DATA SHOWN —
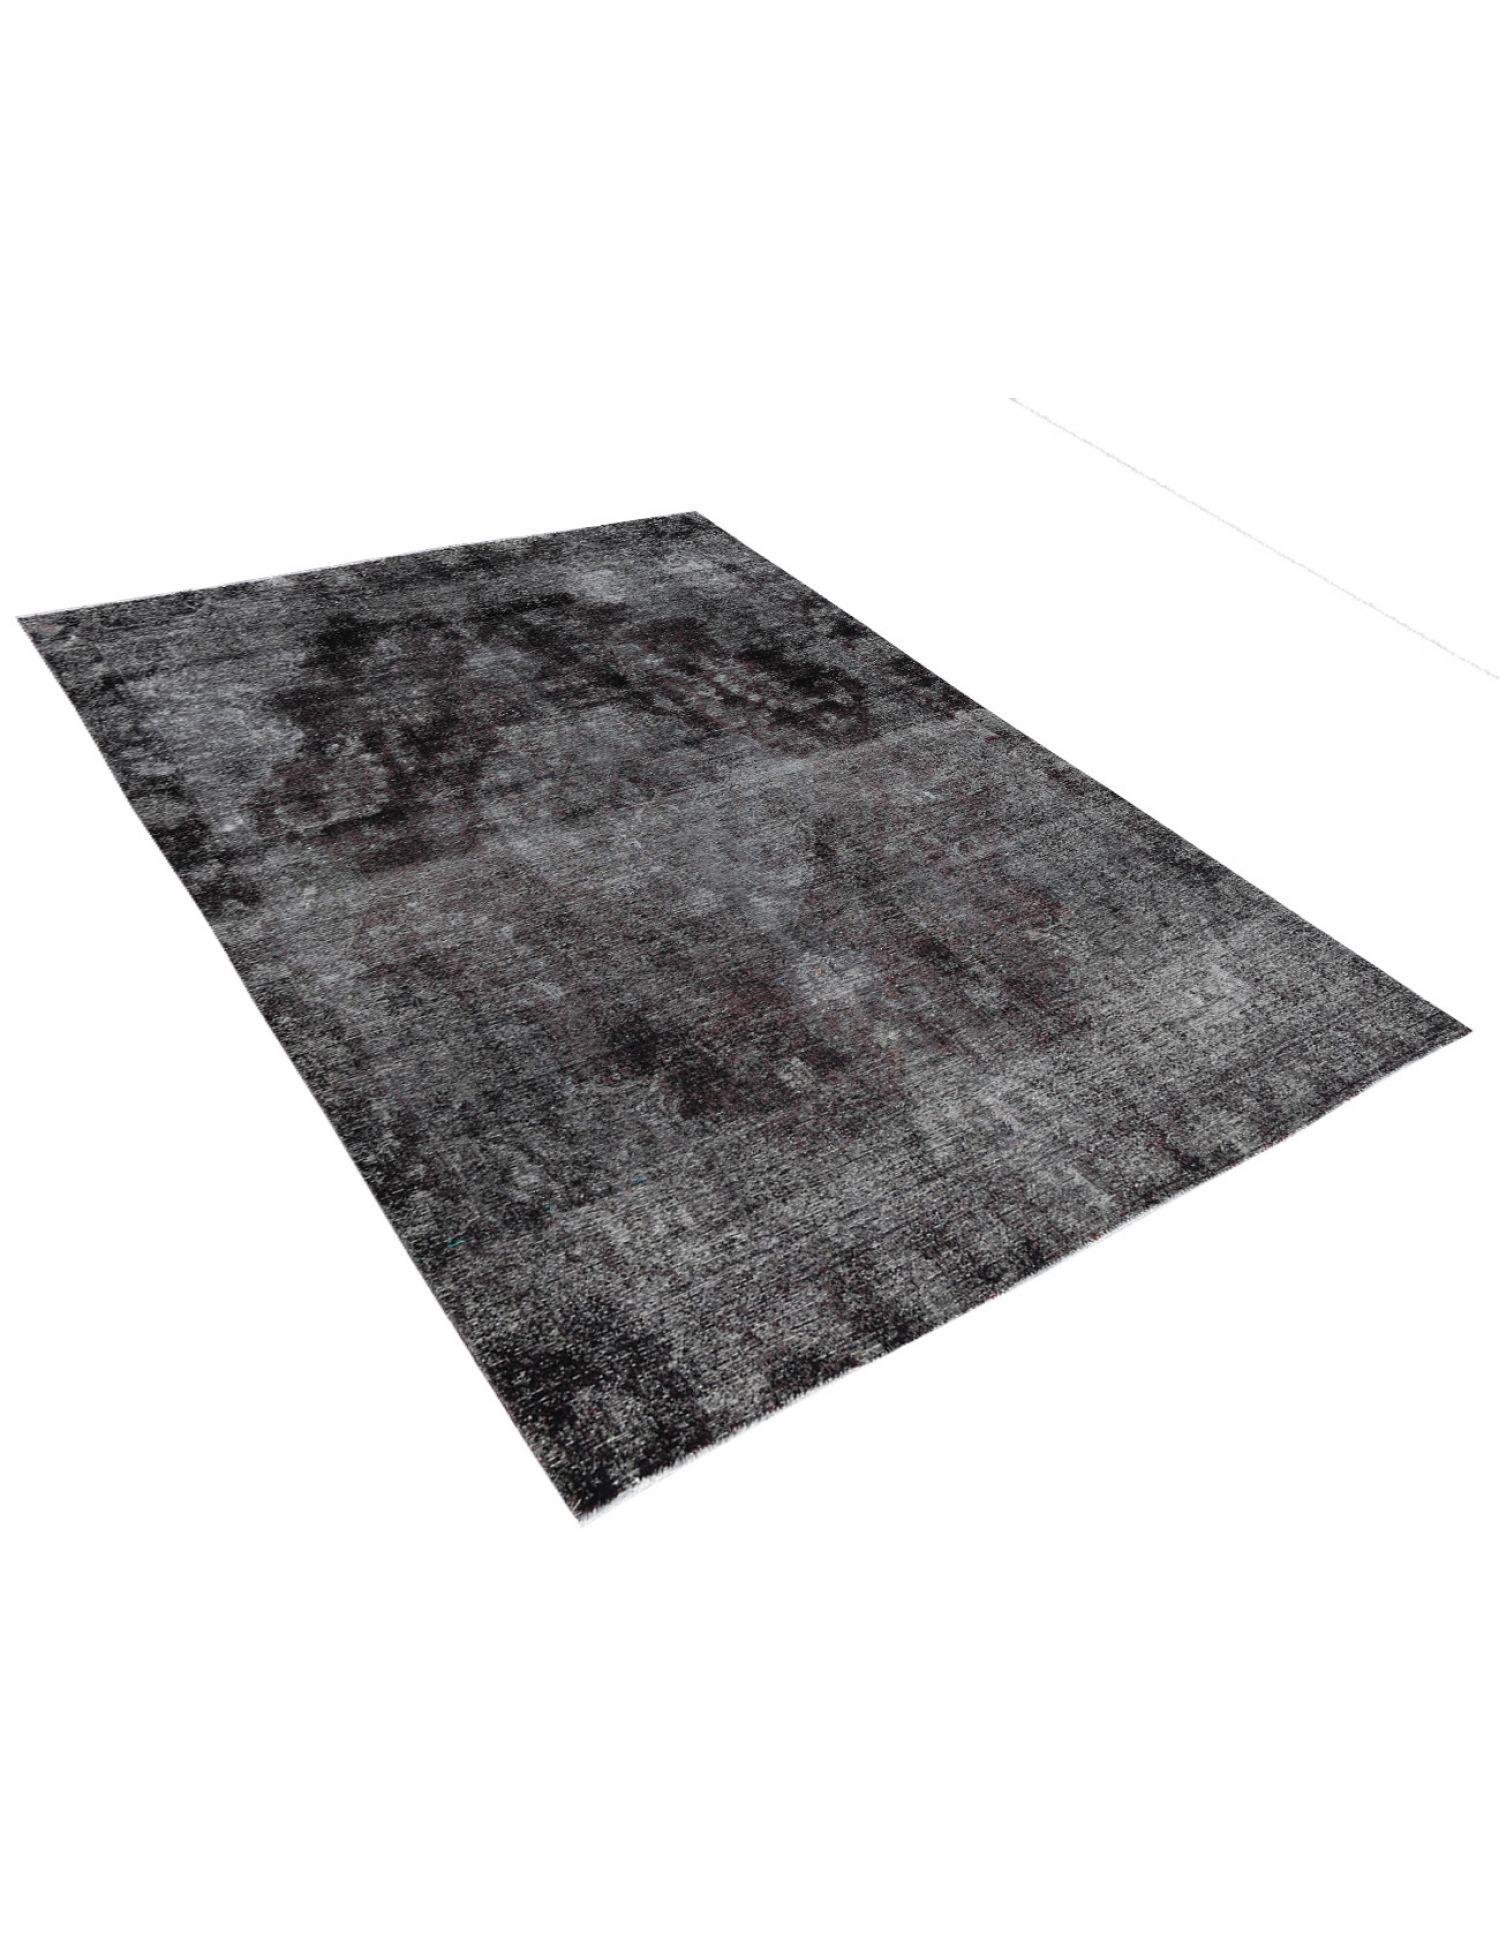 Vintage Teppich  schwarz <br/>362 x 272 cm
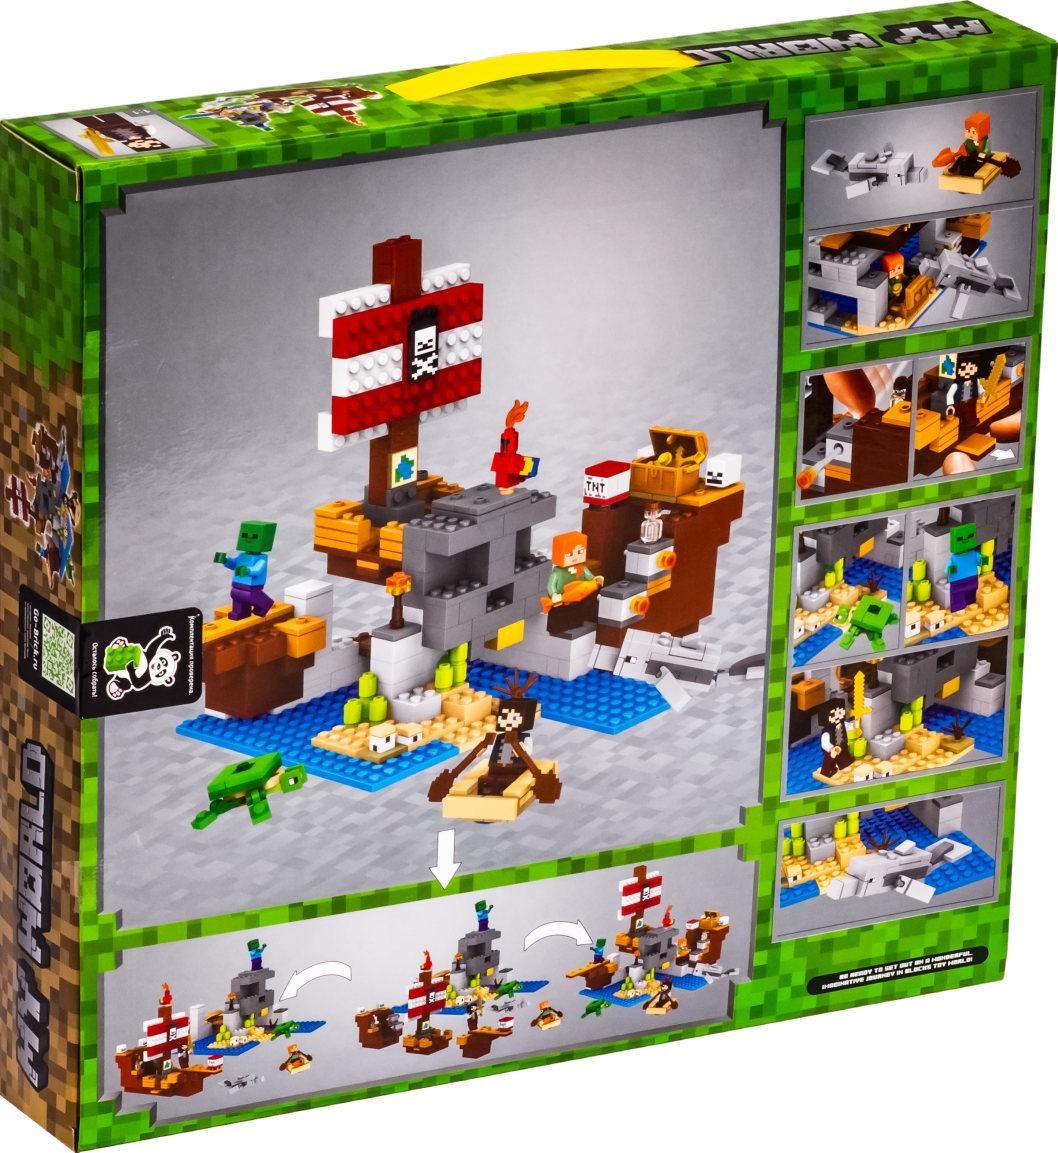 Конструктор Bela 11170 Приключения на пиратском корабле, аналог Lego 21152
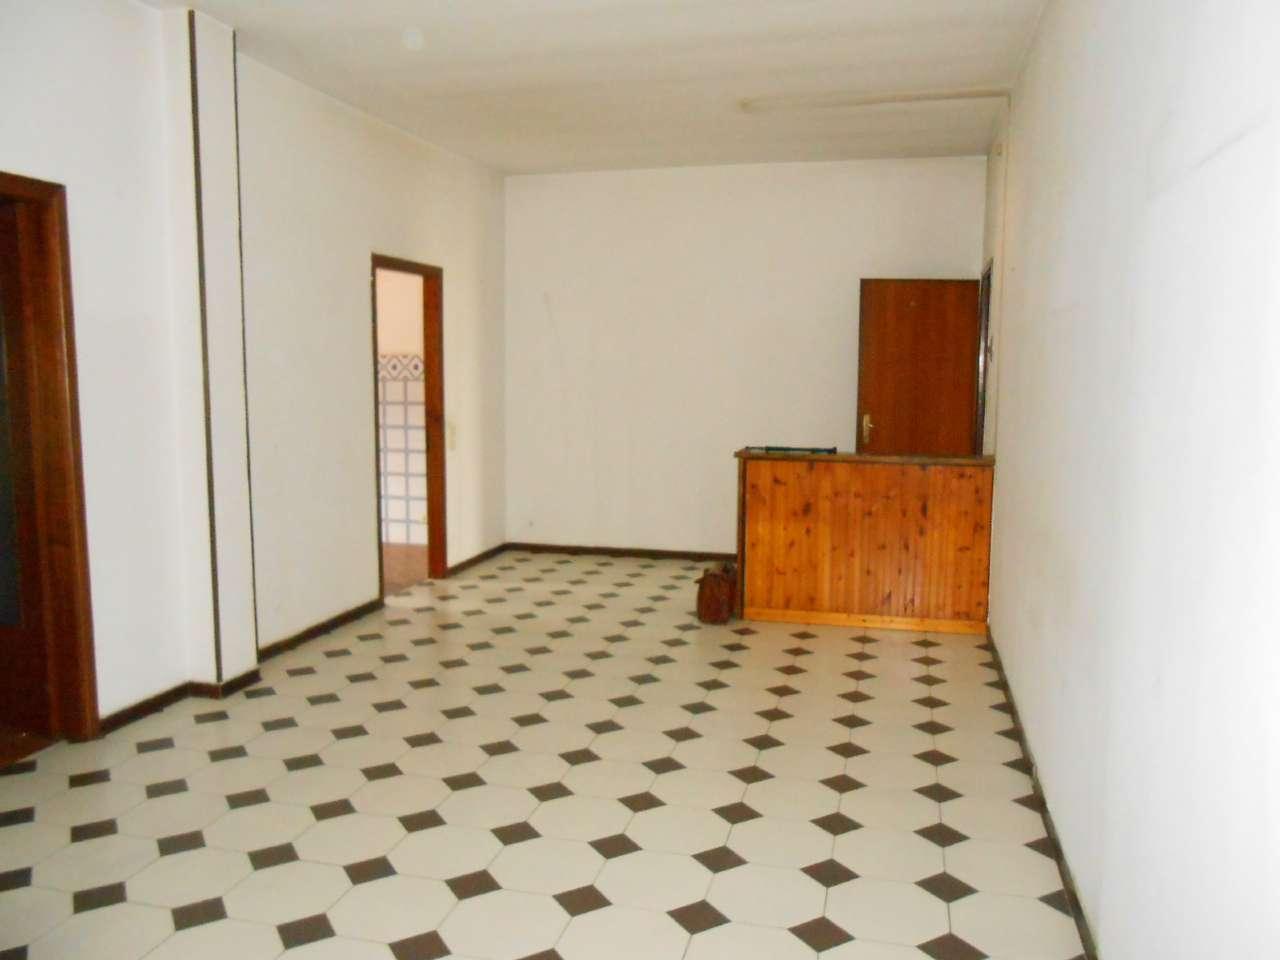 Appartamento in vendita a Bagnolo Cremasco, 3 locali, prezzo € 99.000   PortaleAgenzieImmobiliari.it

ACTIVITY — Print the whole listing above exactly, and keep every picture out of the copy.

RESPONSE BOX —
 Vintage Teppich  schwarz <br/>362 x 272 cm
 Конструктор Bela 11170 Приключения на пиратском корабле, аналог Lego 21152
 Appartamento in vendita a Bagnolo Cremasco, 3 locali, prezzo € 99.000   PortaleAgenzieImmobiliari.it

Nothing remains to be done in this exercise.